I’m not sure why, but I’ve been on such a baking binge lately. It may have something to do with the fact A – I am not the best baker in the world and I’ve been trying to better that, and B – I get a craving for something and it’s really hard to source a gluten free version from the supermarket!
We all know and love the humble brownie. Well did you know that it has an equally delicious sister, called a Blondie! A blondie resembles a brownie in texture etc, but you go for more Vanilla based flavours. In this recipe, I’ve opted for Feijoa and White Chocolate. And boy am I glad I did.
Here’s what you’ll need
3 Large Feijoas (if you like the taste of them, add more, add as many as you like, just keep in mind the texture will change so you may need to add more flour)
100 grams of Butter
1 tsp Vanilla Essence
1 1/4 cups of Gluten Free Flour (as usual, I’ve used Edmonds)
1 tsp of Baking Soda
1 cup of White Chocolate Buttons
1 cup of Caster Sugar
Note – I used to put xanthan gum in this recipe. However, I’ve made a few brownies and blondies without it and I don’t think it needs it.

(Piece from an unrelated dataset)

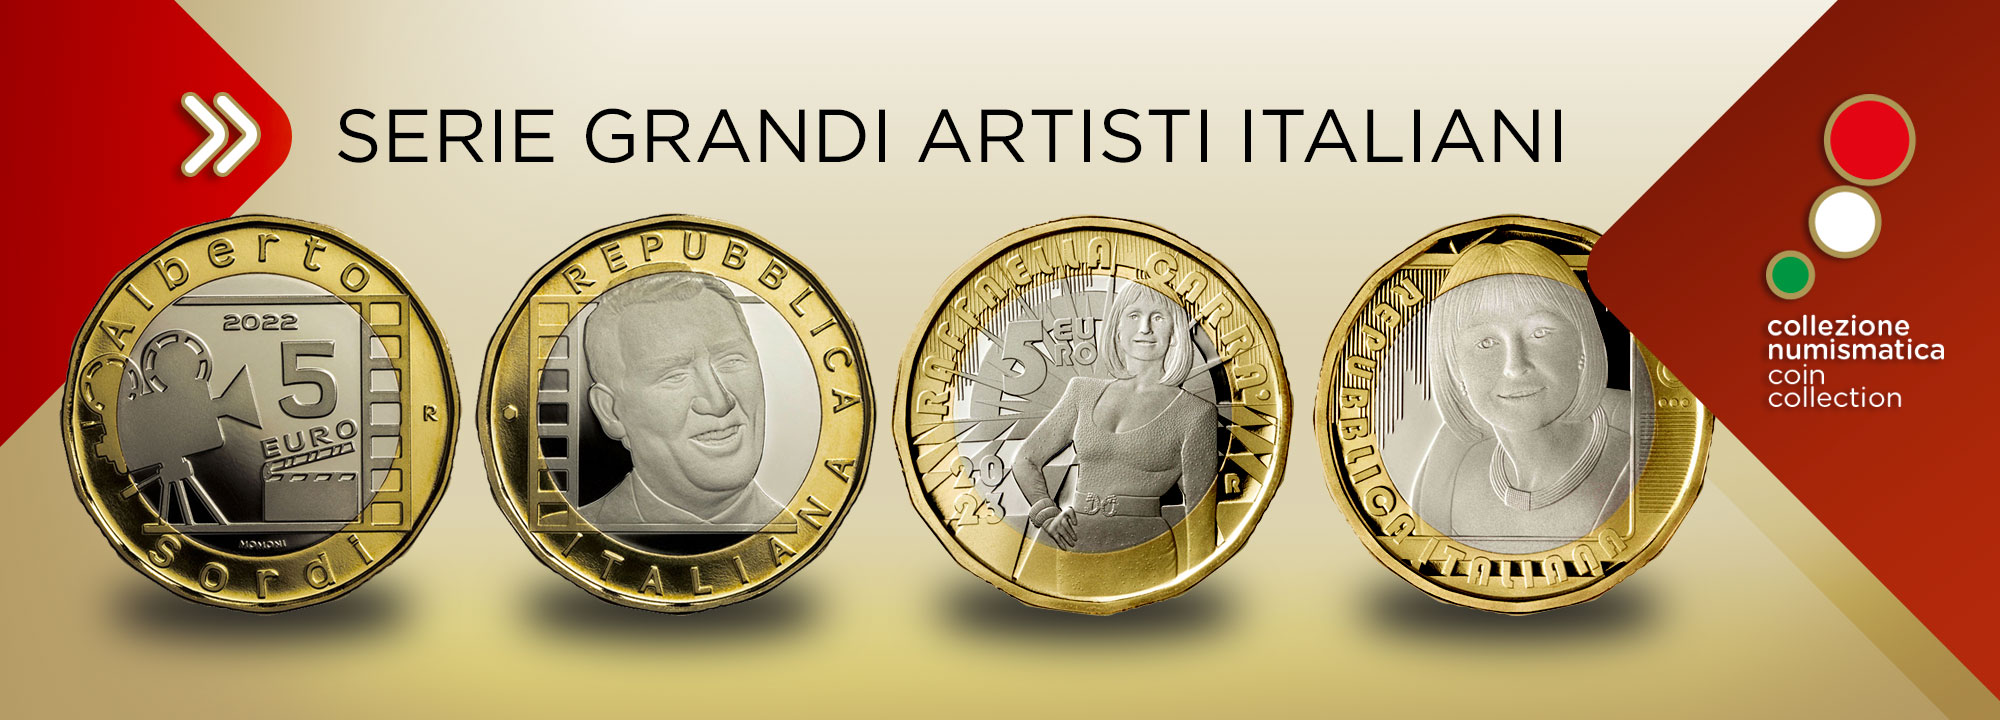 Monete - Serie Grandi Artisti Italiani

In a large bowl, mix your dry ingredients. Place aside and in a seperate bowl, soften your butter. Add to this your vanilla and Feijoa, and mash it all up.
Add the butter mixture to your dry ingredients, and then crack in your egg. Stir with a wooden spoon/spatula until everything has blended together. Don’t panic if its quite thick, this is how you want the batter for this recipe, as the Feijoa does give it quite a lot of moisture, so if the batter is too runny, you may not end up with that blondie/brownie texture you love at the end.

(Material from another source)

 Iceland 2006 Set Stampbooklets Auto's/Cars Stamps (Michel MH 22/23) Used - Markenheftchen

Lastly, mix in your white chocolate, and place into a greased tin – bake at 190 deg for approx 25 minutes, or until golden brown on the top and a knife runs clean through the middle.
Serve warm or cold. This stores really well in the fridge, or in an airtight container.
Not a big fan of Feijoas? Raspberries, Blueberries, any berries will do! You don’t even need fruit, just load it up with White Chocolate.